Michael was one of a group of designers, members of UAW Local 412, who were among the 119 who lost their jobs last February as part of the company’s plans to eliminate between 8,500 and 10,000 UAW jobs. The UAW told workers that the new labor agreement would end the company’s use of lower-paid contract workers and ensure their jobs. Instead the company threw the unionized designers out of their jobs—with some being escorted out of the Auburn Hills, Michigan headquarters with less than an hour’s notice—while 250 contract workers remain.

“I started noticing executive pay when Kmart was going bankrupt and the CEO got millions before leaving,” Michael continued. “Then there was the head of the New York Stock Exchange Grasso, who got a $187 million pay package.”
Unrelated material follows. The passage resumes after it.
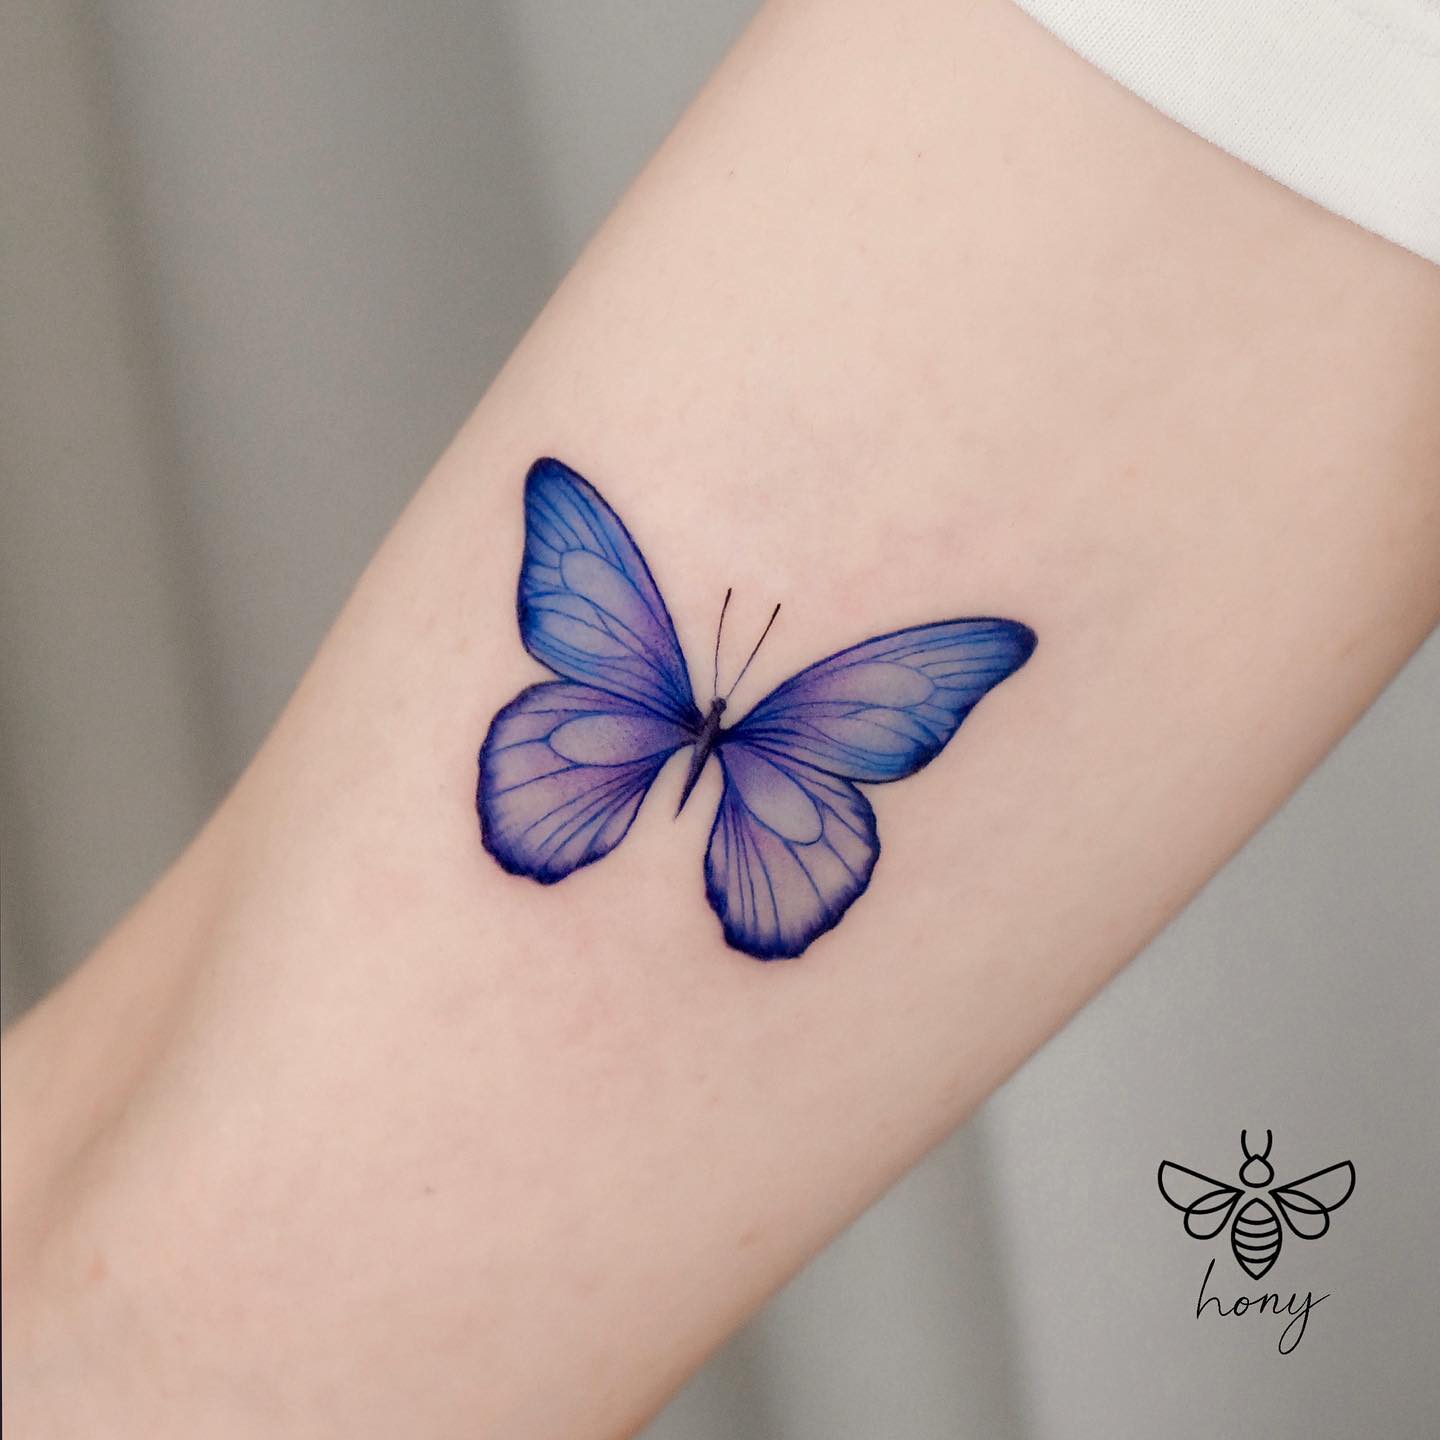 Butterfly tattoo design by hony tattoo
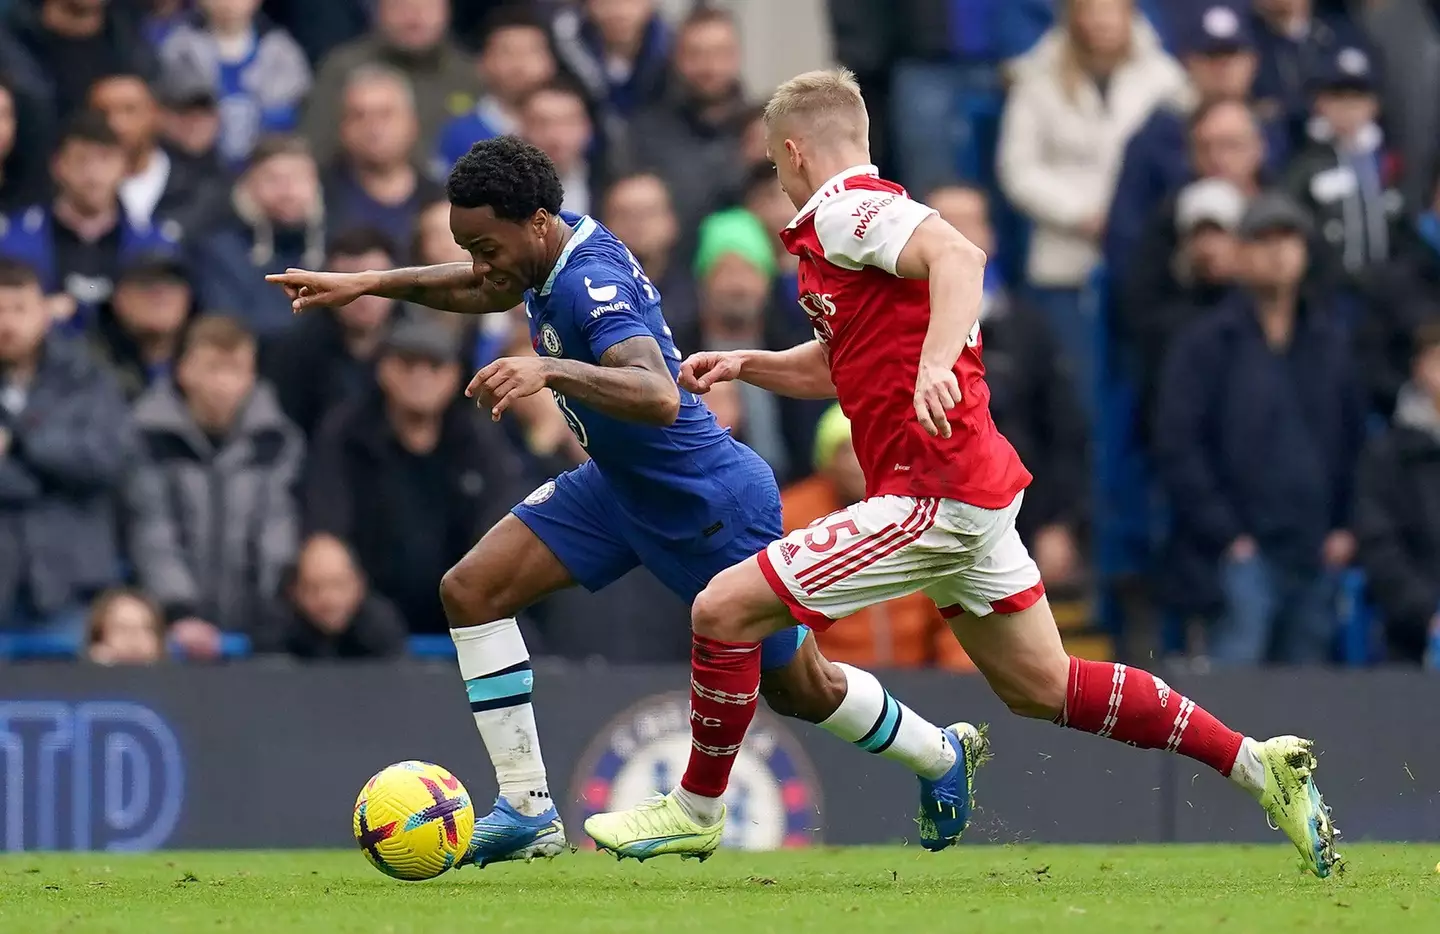 Chelsea’s Raheem Sterling (left) and Arsenal’s Oleksandr Zinchenko battle for the ball during the Premier League match. (Alamy)

Referring to Chrysler’s Wall Street owners Cerberus, he said, “Their commitment is only a financial one, not making cars.” Michael noted that UAW President Gettelfinger first opposed their takeover, saying the company was ‘a strip and flip’ outfit, but later changed his tune.

A Chrysler transport worker said, “They threatened to eliminate our whole unit if we didn’t accept the concessions. We should all be behind the American Axle workers but the union is doing nothing.

“I call the union officials ‘career opportunists.’ They’re living inside a walled city and we’re on the outside, like peasants. How many people have been laid off from [UAW headquarters] Solidarity House?” he asked. Referring to the multi-billion dollar retiree health care trust fund the UAW was given in exchange for massive concessions in the last contract, he said, “That’s the job security for the UAW.”

A GM worker from the Lake Orion assembly plant said, “The UAW said we got job security too. At my plant they have not scheduled any new models. Management is saying, ‘Let’s talk about concessions before we talk about another product for the plant.’” Commenting on the fact that much of the union-controlled retiree health care trust was paid in GM and Ford stock, he said, “The union is becoming a big shareholder in the auto companies. How are they going to strike against themselves?”